Tuesday, October 11, 2005

Viva Las Vegas

In January of this year, my wife and I vacationed in Las Vegas and subsequently in California. This blog entry deals with the Las Vegas leg of our trip, being that I was deeply moved and inspired by the anecdotal experience of a relatively free market in action.

When in Vegas, do as the Vegasians do. So I gaped at all the right sights, took dozens of digital snapshots as a proper tourist is obliged; however all the sensory-induced astonishment I was subject to was easily outmatched by the curiosity to understand what makes this insomnious city tick.

As a minor sidetrack, I was dismayed to learn that Las Vegas's pomp is veneer, although now in hindsight I understand that it doesn't make sense to have it otherwise.

For example, the Venetian hotel's lobby and the underside of its enormous outdoor awning bear Sistine Chapel-like frescos which made me catch my breath in amazement.
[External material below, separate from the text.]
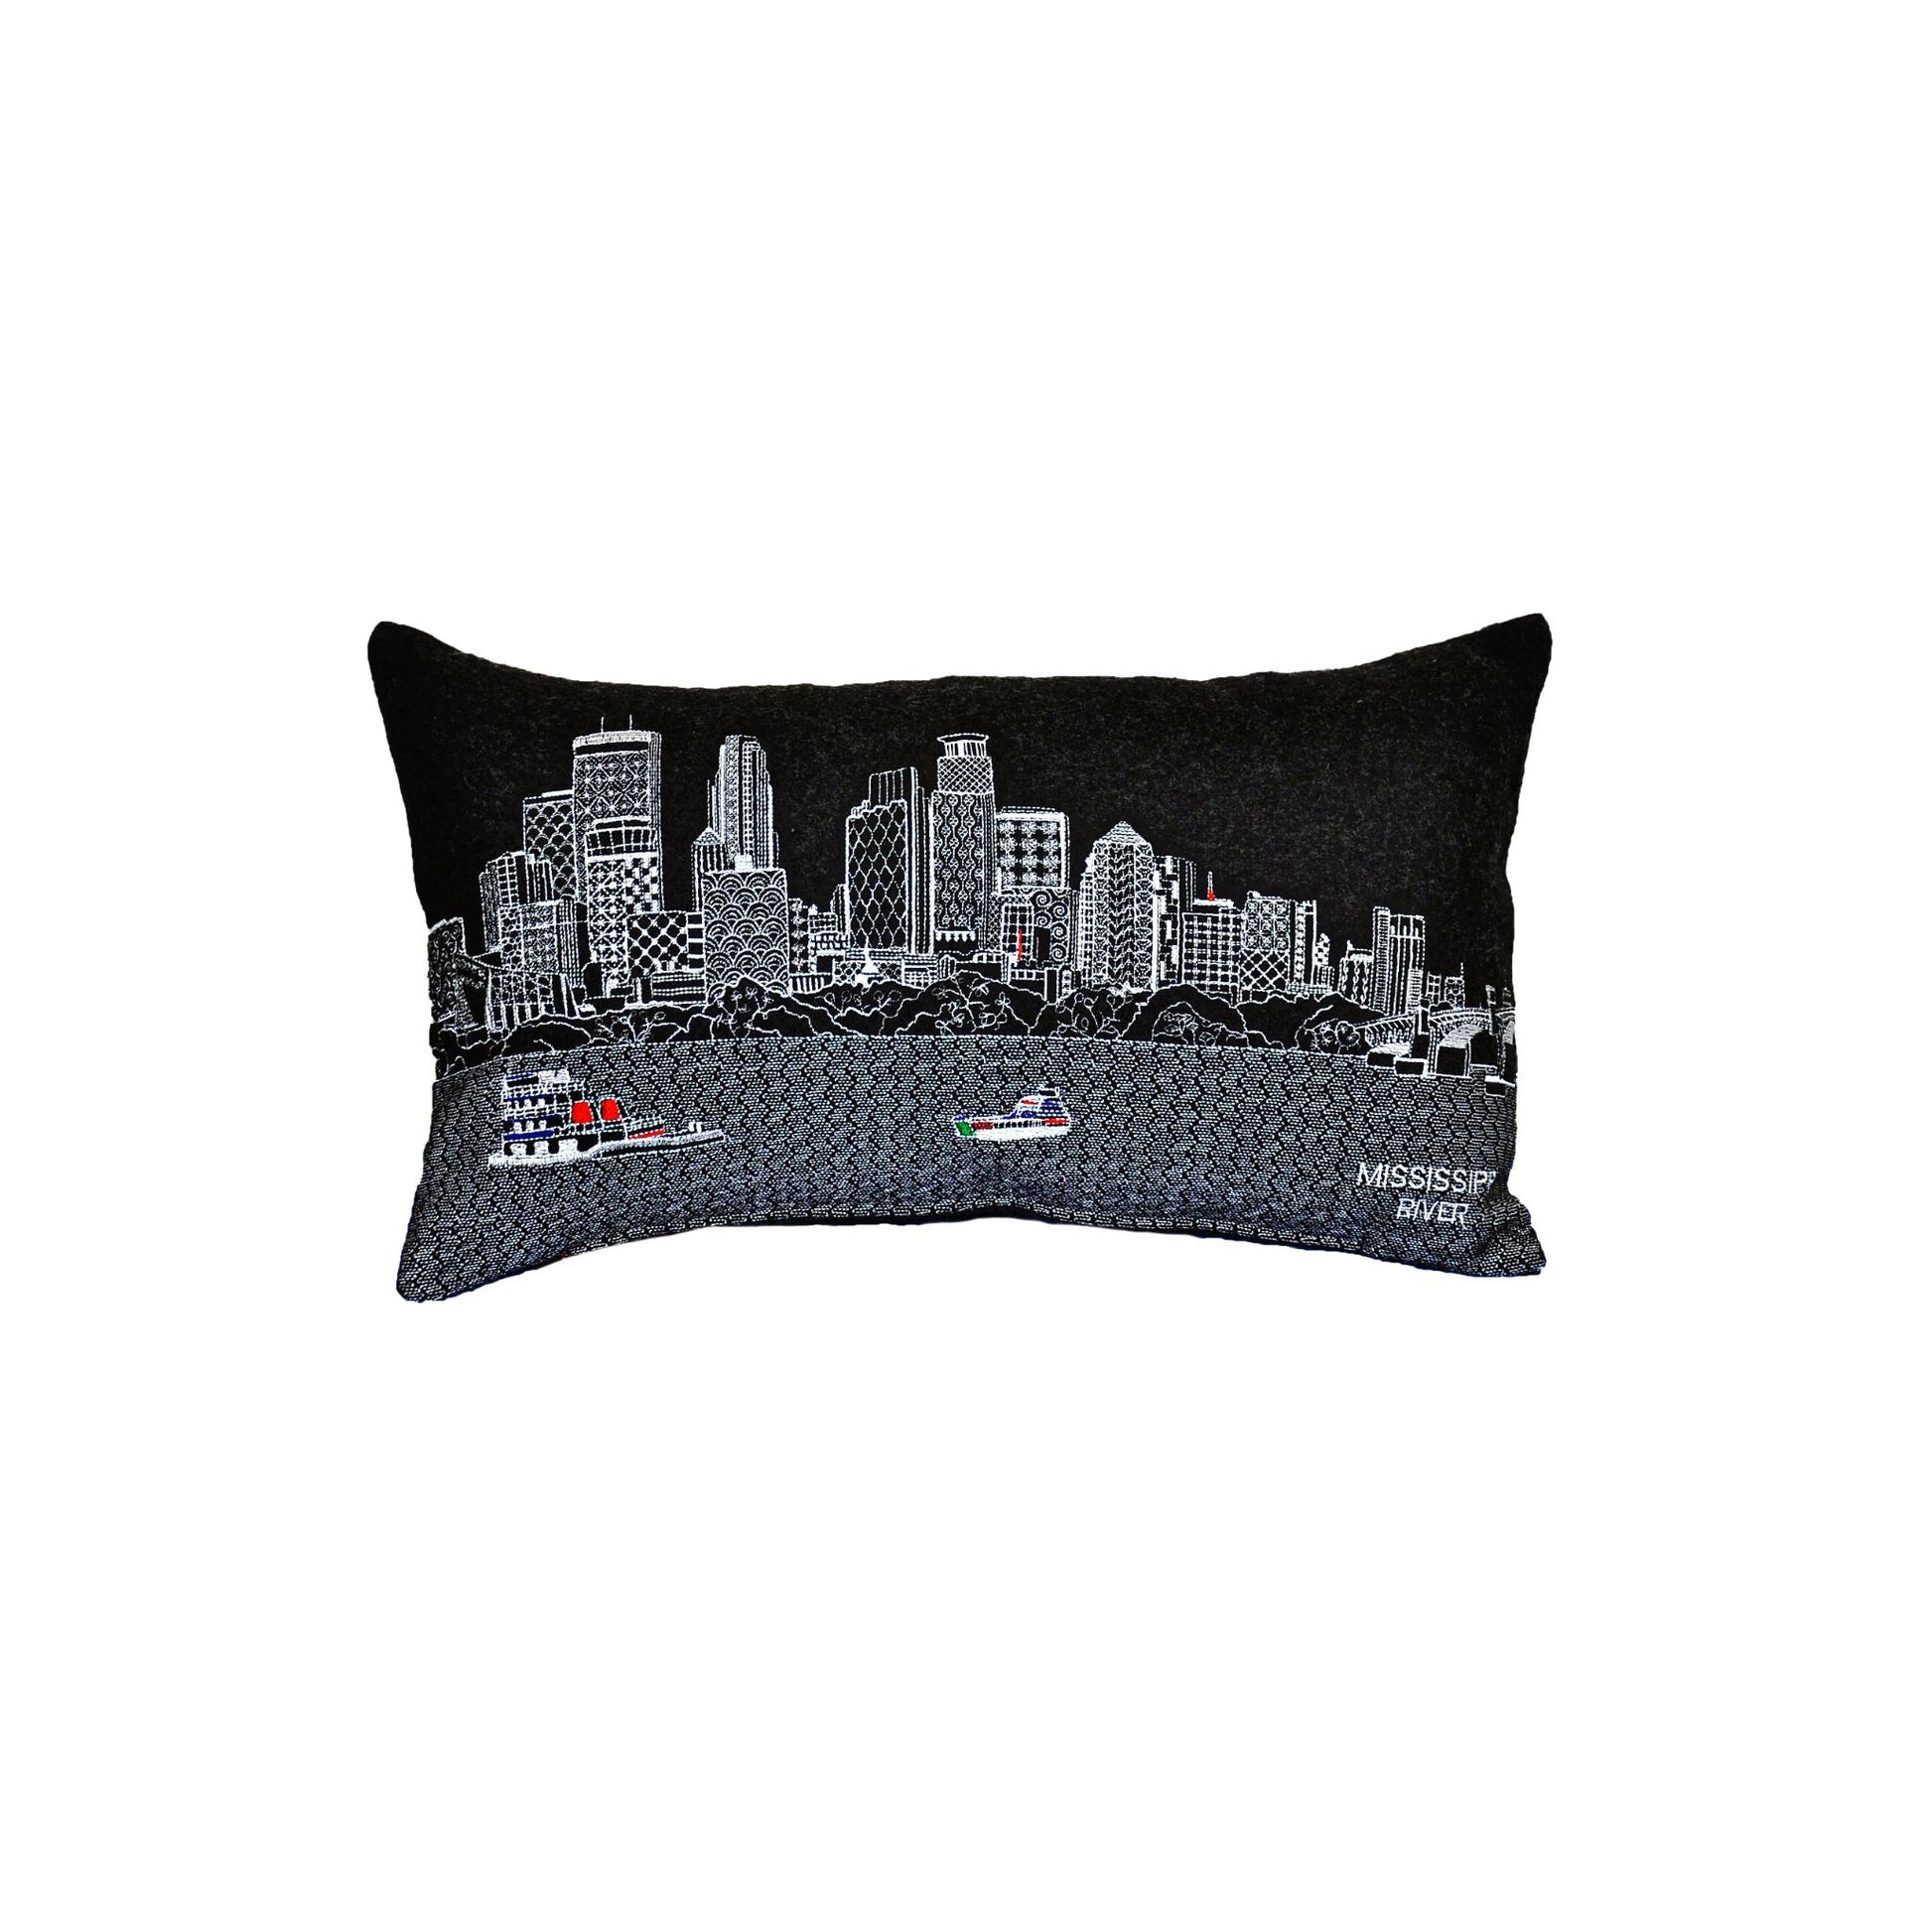 Minneapolis Prince Night Pillow

This level of ostentation is expected from hotels which cost billions of dollars, no?

However after my protracted scrutiny, I observed that all was but a masterful application of printed wallpaper, not the skilled work of supine artisans.

If one already knew this instinctively, I beg your pardons, as I am not even remotely expert in matters pertaining to art, paintings, Michaelangelo's magnum opus, painting techniques and methodology, et cetera. What I found which destroyed this illusion was the very subtle lines where the wallpapers joined. In some places, I even found the wallpaper edges begining to curl, although minimally.

Henceforth for the duration of our visit, the cynical voice within me spoiled all the delicious eye candy I once basked in on a previous visit to this newly-realized "pretentious" city. Plaster or marble objects such as columns and busts suffered my quidnuncous hand-knocking to gauge their hollowness or composition.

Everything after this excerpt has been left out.